Code for solving Kepler's equation using contour integration, following Philcox et al. (2021, arXiv). This uses a method originally proposed by Ullisch (2020) to solve the "geometric goat problem".
The C++ code contains implementations of a variety of solution methods:
- Newton-Raphson: The quadratic Newton-Raphson root finder.
- Danby: The quartic root finder described in Danby (1988).
- Series: An elliptical series method, as described in Murray & Dermott.
- Contour: A new method based on contour integration.

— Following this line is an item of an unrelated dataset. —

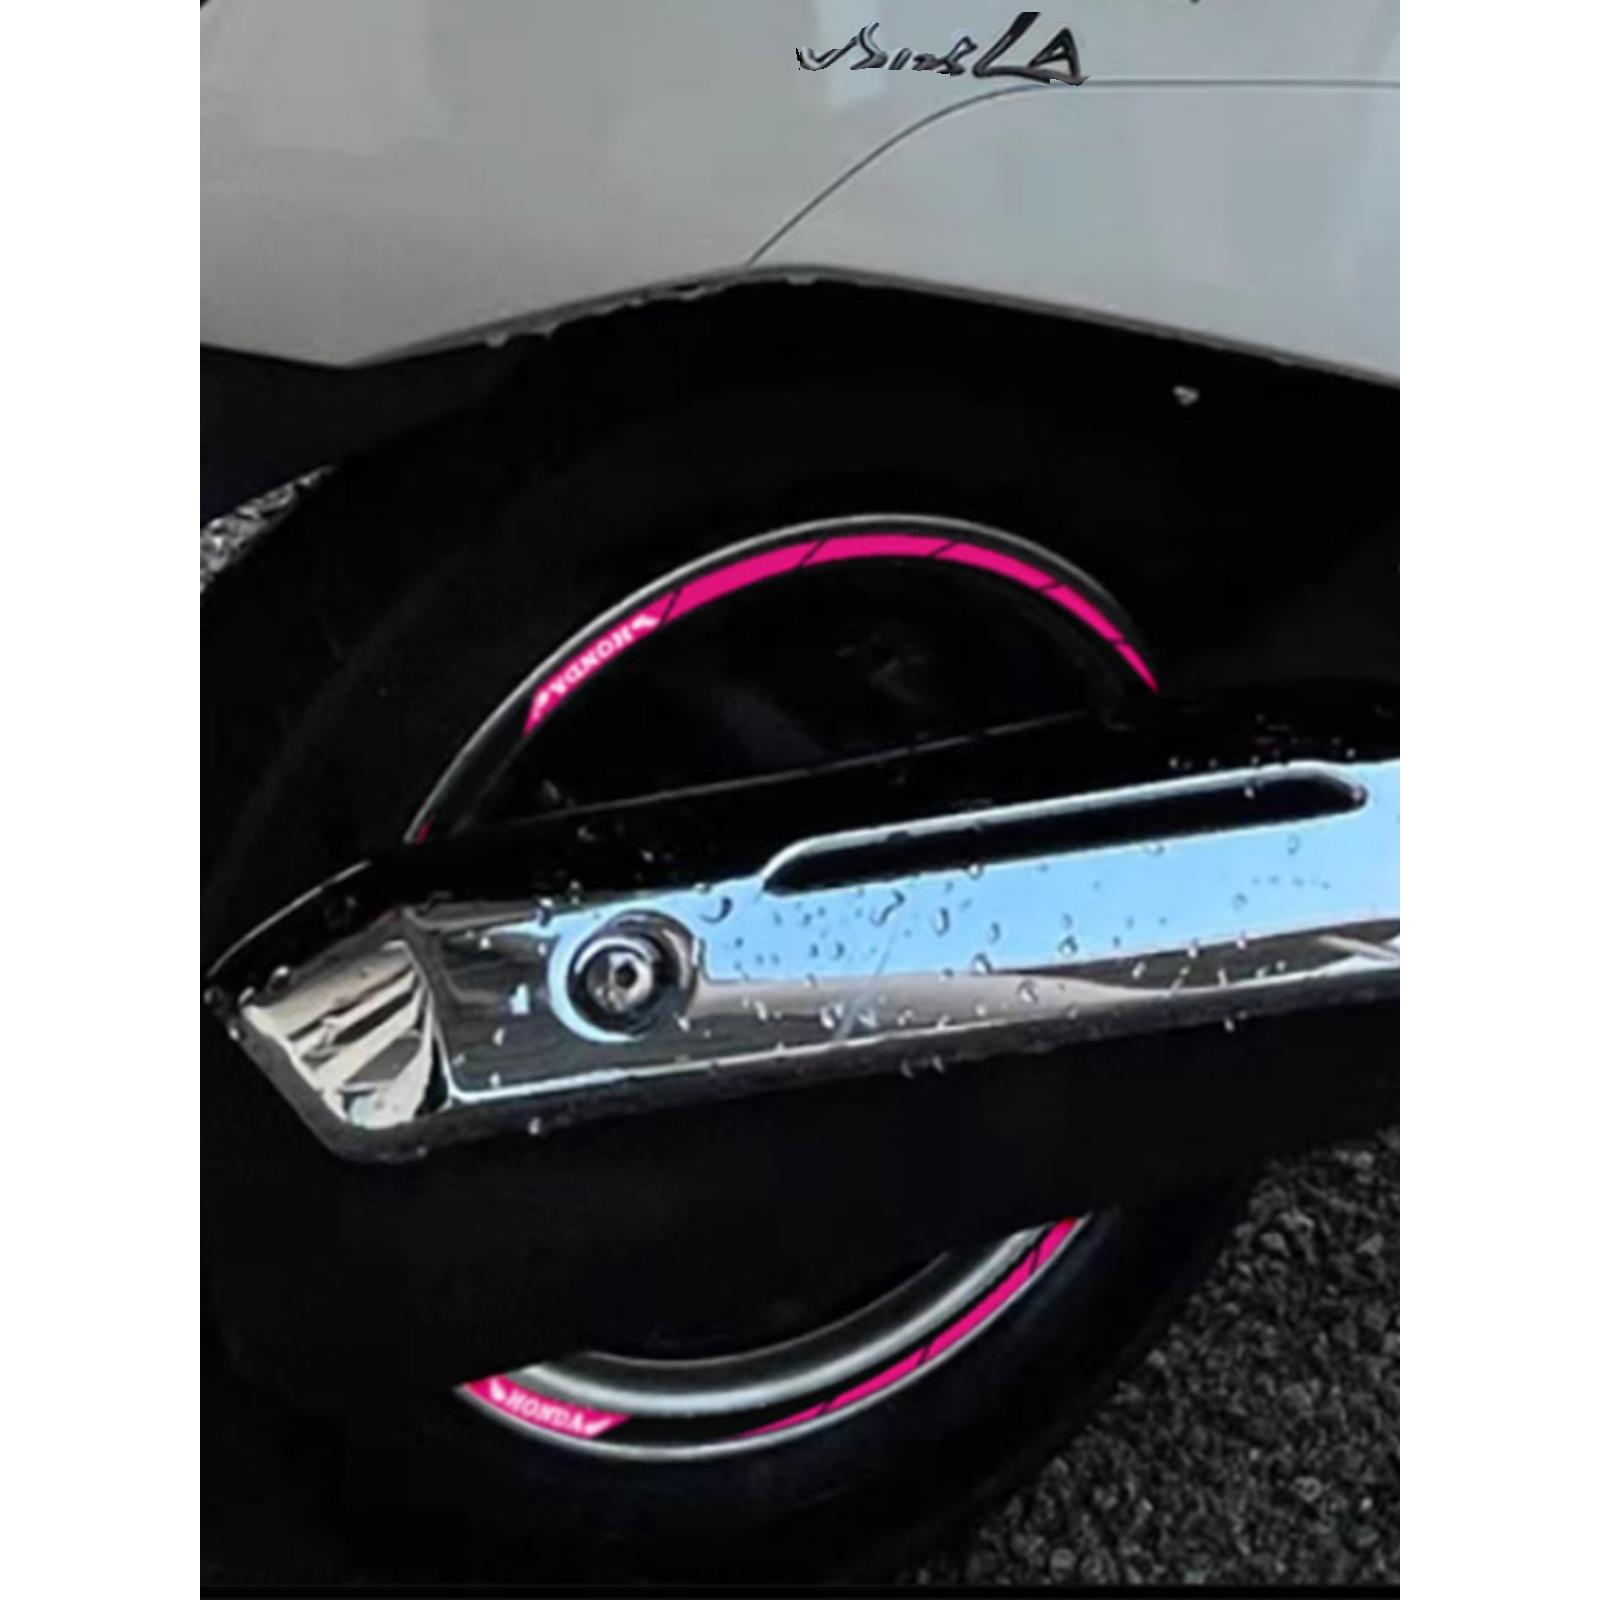 适用本田复古踏板摩托车NS125LA轮毂反光贴钢圈贴轮圈装饰车贴

Given an array of mean anomalies, an eccentricity and a desired precision, the code will estimate the eccentric anomaly using each method. The accuracy of each approach is increased until the desired precision is reached, and timing is performed using the C++ chrono
package.
To compile the code using g++, simply run g++ -o kepler keplers_goat_herd.cpp -std=c++17 -ffast-math -Wall -O3
. The code can be run using ./kepler
. The individual functions, e.g. compute_contour
can also be used outside of this script, given an input array of mean anomalies and an eccentricity.
For non-gcc compilers that do not support the GNU variable length arrays extension, the file keplers_goat_herd_std17.cpp
can be used instead.
We also provide a pure numpy version of the contour integration function in keplers_goat_herd.py
. This is around 9 times slower than the C++ code. Python bindings for the C++ code can be added if these would be of use.